Y en el disco también está N-Wise, que es otra cara del rap, una figura fundamental del underground español. ¿Cómo fue la experiencia con él?

Nosotros a N-Wise lo hemos admirado a muerte. Yo hace tres años decía quiero una colabo con N-Wise, era el goal. Pa’ mí es un honor, que un tío que representa tanto se sienta identificado con lo mío, lo respete y lo apoye. Le dijimos métete en el disco y dijo de una. Le costó soltar las barras, nos las pasó como la semana antes, y me acuerdo de cuando la escuchamos y estábamos como niños chicos, emocionados. Fue un puto honor. N-Wise es un ejemplo muy claro del querer hacer un feat. con alguien. Me gustaría también con Kase.O, quién no querría. A lo mejor me gustaría también DELLAFUENTE, no tiene que ver tanto con el rap, pero me gusta mucho.

¿Cómo fue la construcción del disco, J Moods?
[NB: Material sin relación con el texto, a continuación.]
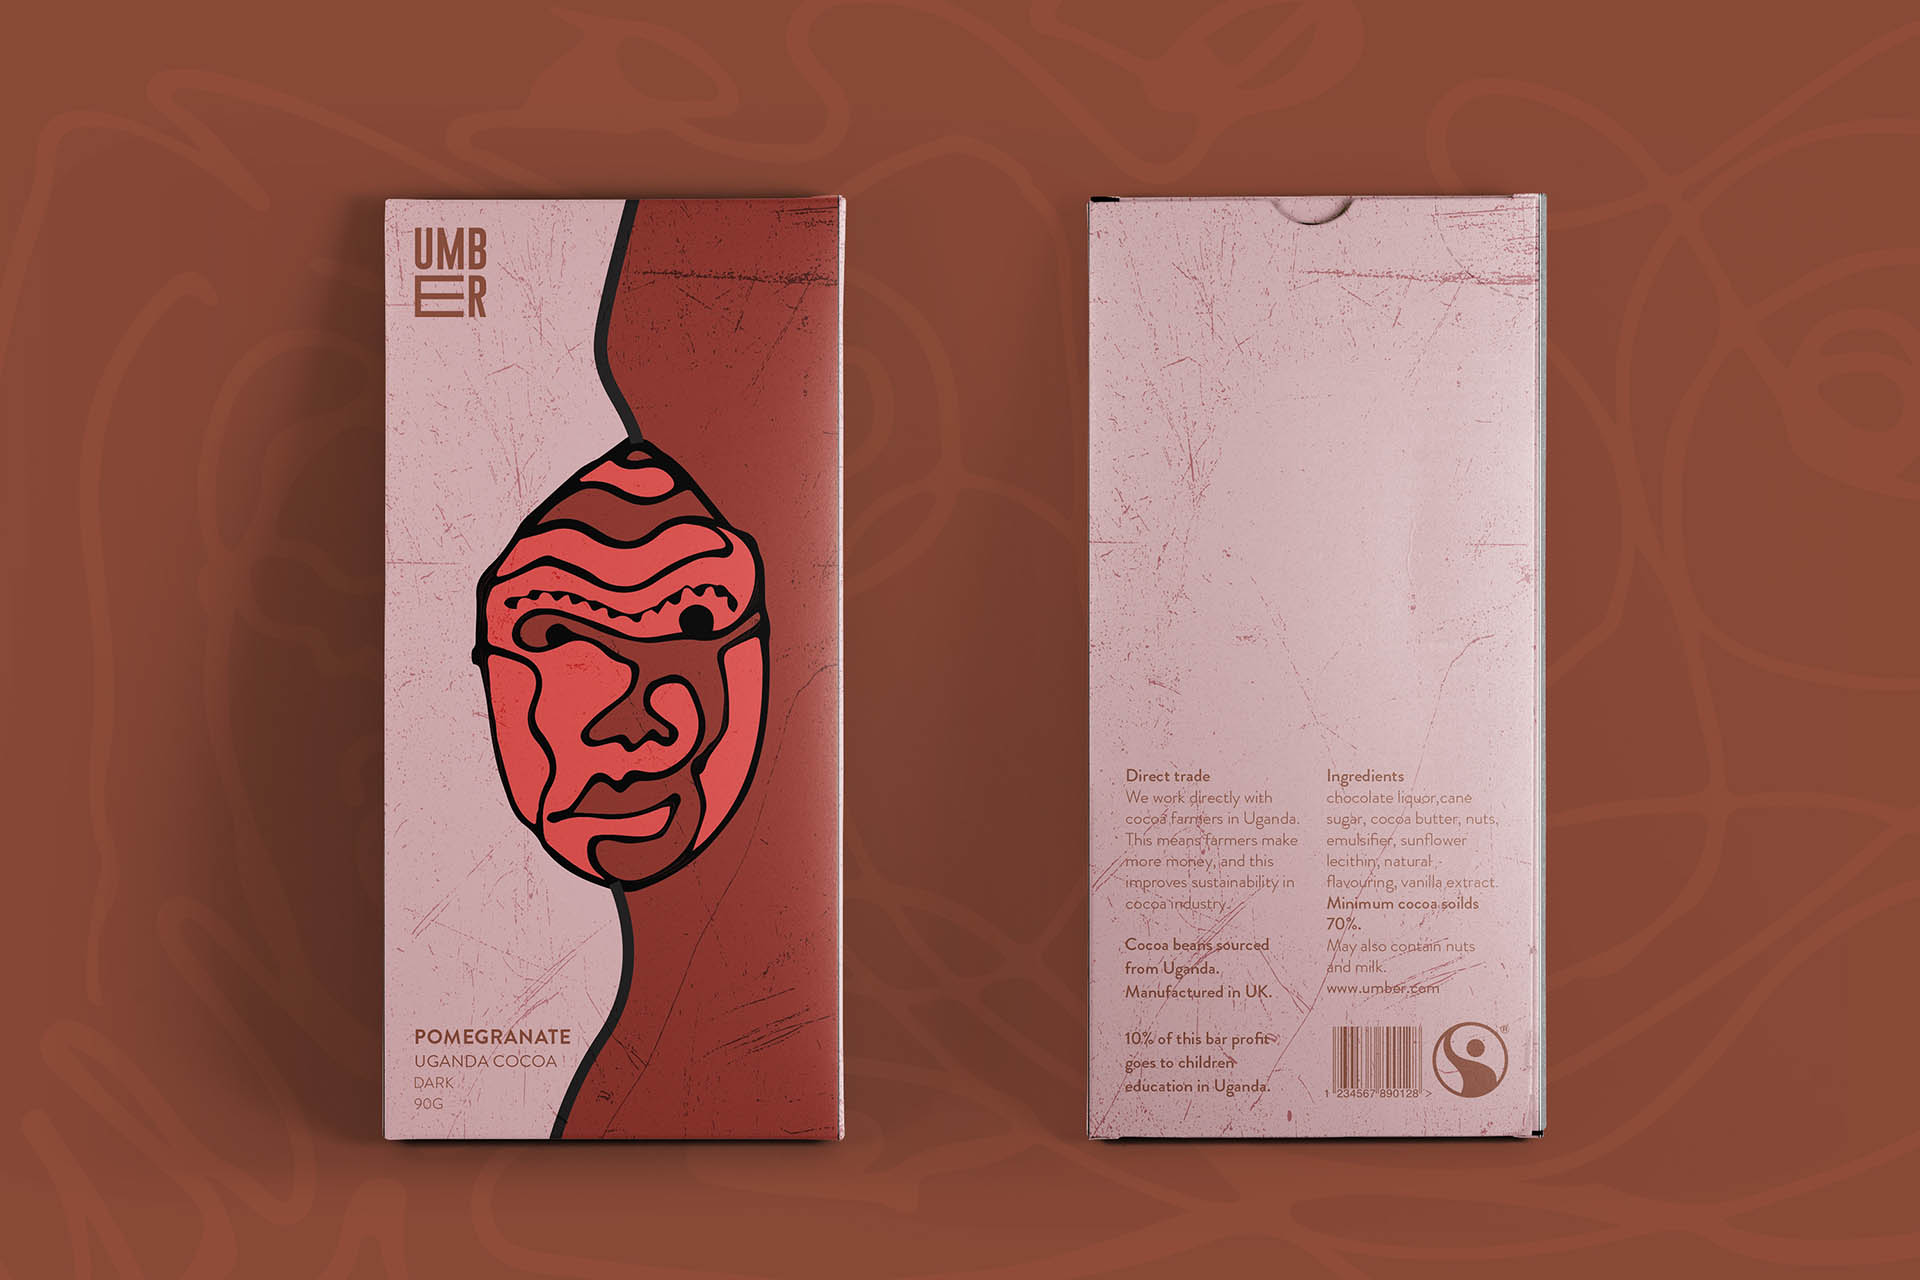 Visual identity and packaging for Umber a chocolate brand working with cocoa farmers to improve their income and sustainability

J. Moods, productor del disco: Empezamos a hacer sencillos, teníamos dos o tres temas por sacar. Ya lo Sé, Dicen de Mí, Puff Daddy iba pal disco y no quedó. No habíamos hablado de un álbum, pero se habló después, y ya nos pusimos a hacer beats. Al principio fue lo que salía, pero luego supimos que no queríamos algo lineal, que hubiera distintas emociones. Cuando había 7 temas o algo así, sabíamos que faltaba de pronto más energía, o un tema que fuera más profundo. Y con eso pensaba en los beats. Es Peligroso Asomarse al Interior y La Función fueron los últimos.